ITDS are also in-line with the welfare of animals because it considers using multiple sources of information and data before using the animals. As for the third R, “refine”, the goal is to refine the way experiments are carried out, to make sure animals suffer as little as possible. This includes better housing and improvements to procedures which minimize pain and suffering and/or improve animal welfare. “With large numbers of animals experiencing unrelieved pain and distress in testing, there is an urgent need to address and eliminate the sources of pain and distress.

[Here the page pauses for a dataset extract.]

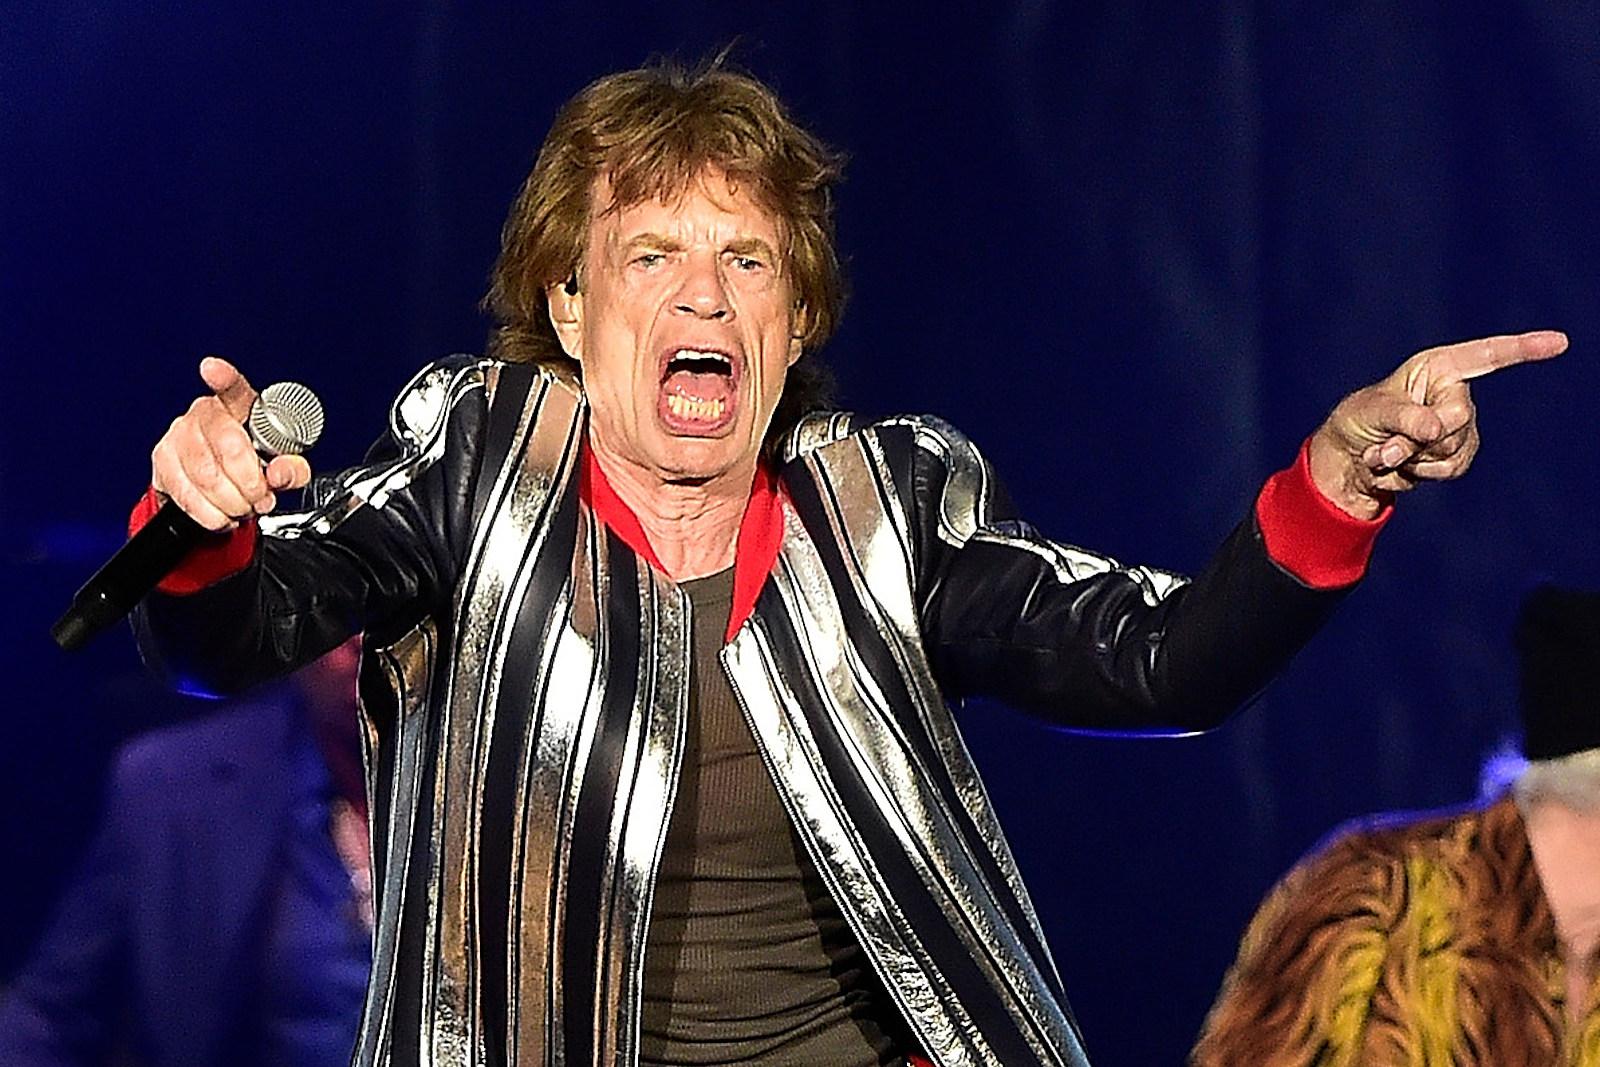 Mick Jagger 'Went Unnoticed' at a North Carolina Dive Bar

Numerous opportunities and approaches are available that could contribute to eliminating the current suffering experienced by animals in testing” (Stokes 1299). Such refinements not only could provide for improved animal welfare but could also enhance the quality of experiments by reducing or eliminating pain and distress as an experimental variable. Scientists can refine the way they experiment on animals by using more humane practices, administering pain relieving medications, as well as providing veterinary care. The expenses and time that it takes to experiment on animals has actually been known to hinder scientific research.
Gregory Mone, a Harvard Graduate and Boston, MA-based scientific writer explains, “Reliance on animal testing, according to several experts, has actually hindered the evaluation of many chemicals and ingredients inside and outside the cosmetics industry. Animal-based tests take too long and are too expensive, they say, often requiring several years and millions of dollars or more to carry out” (Mone 1). Besides the moral problem, animal testing can actually hinder scientists’ research due to expensive procedures and drawn-out testing periods. Animal welfare is widely used to refer to an animal’s quality of life.
It encompasses the following: animals should be healthy, well fed, and housed in an environment that they might themselves choose; animals should be relatively free from negative states, such as pain, fear and distress, and capable of enjoying life; and animals should be able to carry out behaviors and activities that they are strongly motivated to do. With the initiative of The three Rs, scientists can ensure the welfare of animals within their practices. Despite the fact that in-vivo testing has been used for centuries, animals in labs still continue to live stressful, monotonous, and unnatural lives of daily confinement and deprivation.
The only changes in their lives may come from being called into a research which may include an invasive experiment, or a procedure resulting in death. This sort of treatment goes against all types of moral principles. Our current treatment towards animals as a society is unjust and therefore needs to undergo significant change. Although scientists have spent many decades of studying conditions such as cancer, Alzheimer’s disease, Parkinson’s disease, diabetes, stroke and AIDS in animals, we still do not have reliable and fully effective cures.
Because of the differences between humans and other animals, results from animal tests cannot have the same effect on humans, leaving vulnerabilities that can cause serious side effects. With the initiative of the European Union and the adoption of the Three R’s in various other countries, not only can scientists change the way they treat animals in laboratories, but they can also work to find more adequate and reliable representatives of the human body.